Sample compositions, heat treatments and results of powder-XRD and EDX/WDX are summarized in Table 3. Table 4 contains the results of DTA measurements. A partial Bi-Rh phase diagram for compositions up to 70 at.% Rh based on data obtained in this study and data from Ref 9 and 26, is presented in Fig. 1. Figure 2 and 3 show detail sections for the composition ranges 33.3-52 at.% Rh (if BiRh0.81 is absent) and 19-33.3 at.% Rh (if metastable BiRh3 is present). The Bi-rich part between 0 and 20 at.% Rh was entirely taken from Okamoto. Figure 4(a), (b), (c), and (d) show SEM backscattered images for selected samples.
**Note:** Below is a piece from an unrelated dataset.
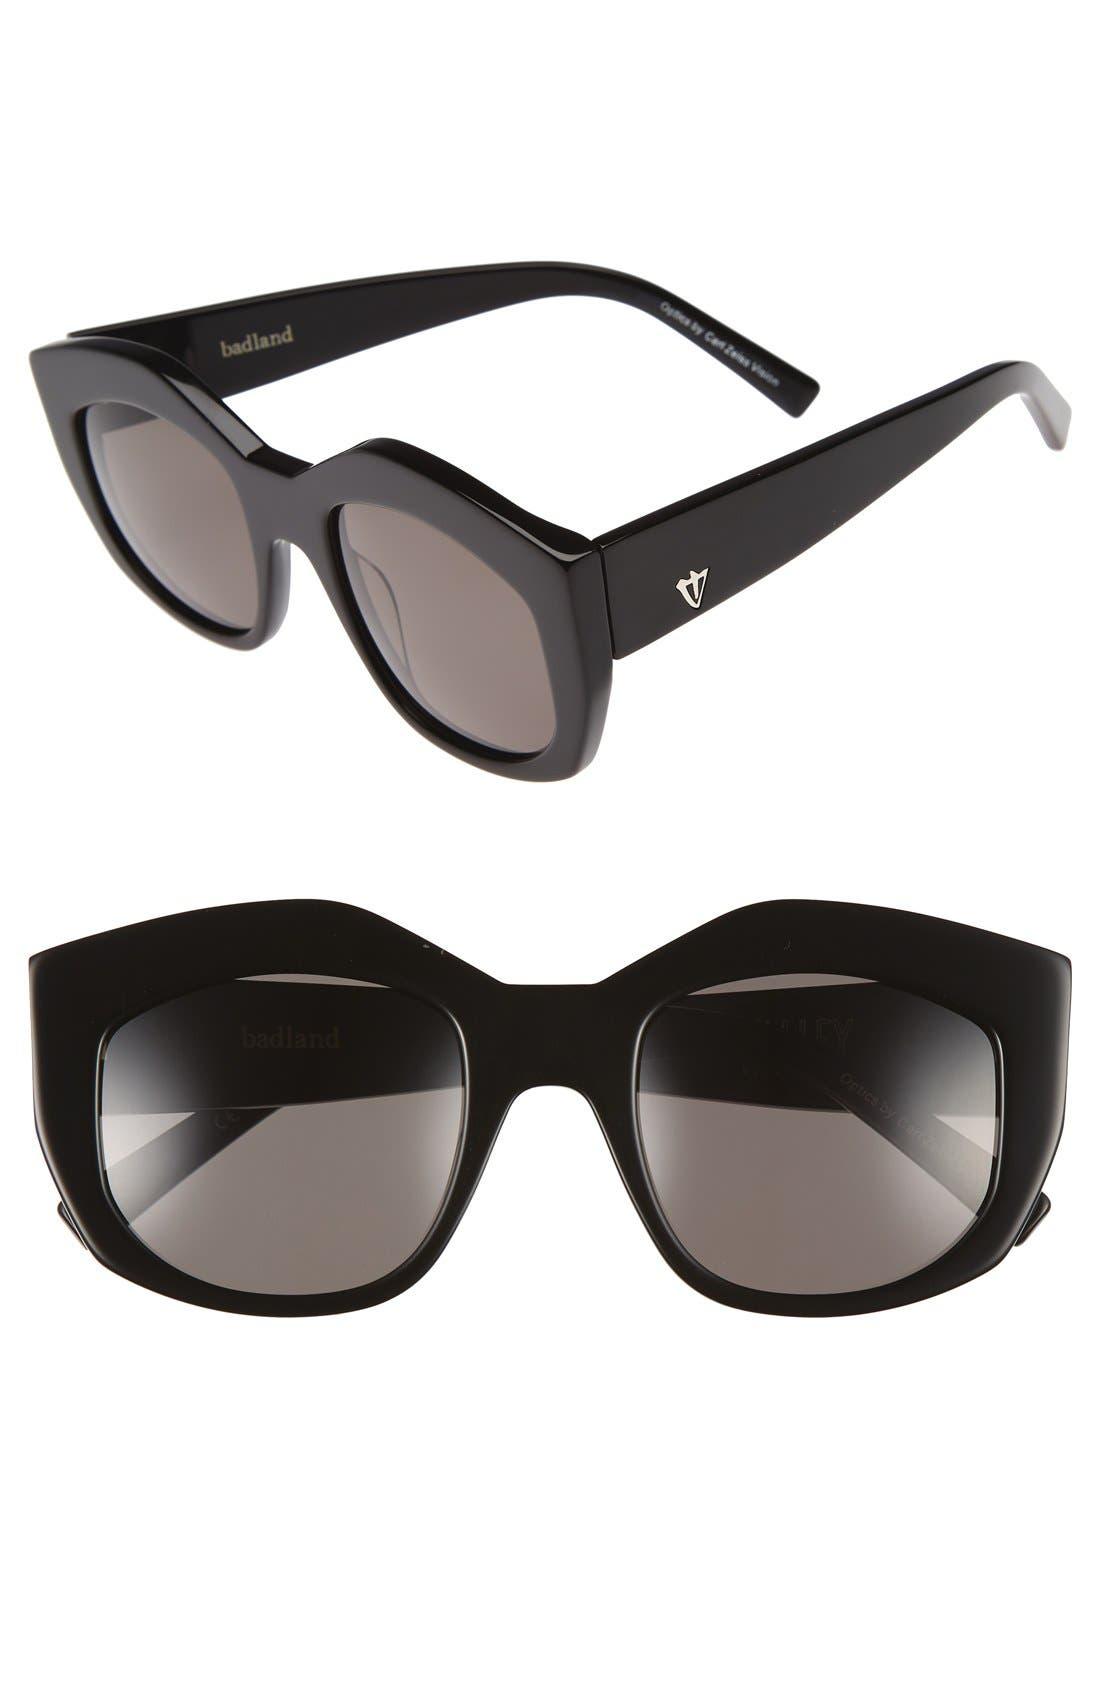 50mm Badland Sunglasses,                         Main,                         color, 001

The liquidus curve in Fig. 1 is based on DTA results of the quenched samples. Its shape, together with the corresponding invariant effects, indicates that the phases BiRh and β-Bi2Rh are formed by peritectic reactions, i.e., liquid with about 47 at.% Rh reacts at 979 ± 2 °C with Rh to form BiRh, and liquid with about 29 at.% Rh reacts at 785 ± 2 °C with BiRh to form β-Bi2Rh. These values are in good agreement with results of Ross and Hume-Rothery (46.0 at.% Rh at 977 °C for BiRh and 29.5 at.% Rh at 780 °C for Bi2Rh), based on results from cooling curves.
The shape of the liquidus curve at higher temperatures above the peritectic decomposition of BiRh could not be determined, because no signals were found except in the sample Bi53Rh47 (1016 °C). This indicates a very steep ascent to the melting point of Rh.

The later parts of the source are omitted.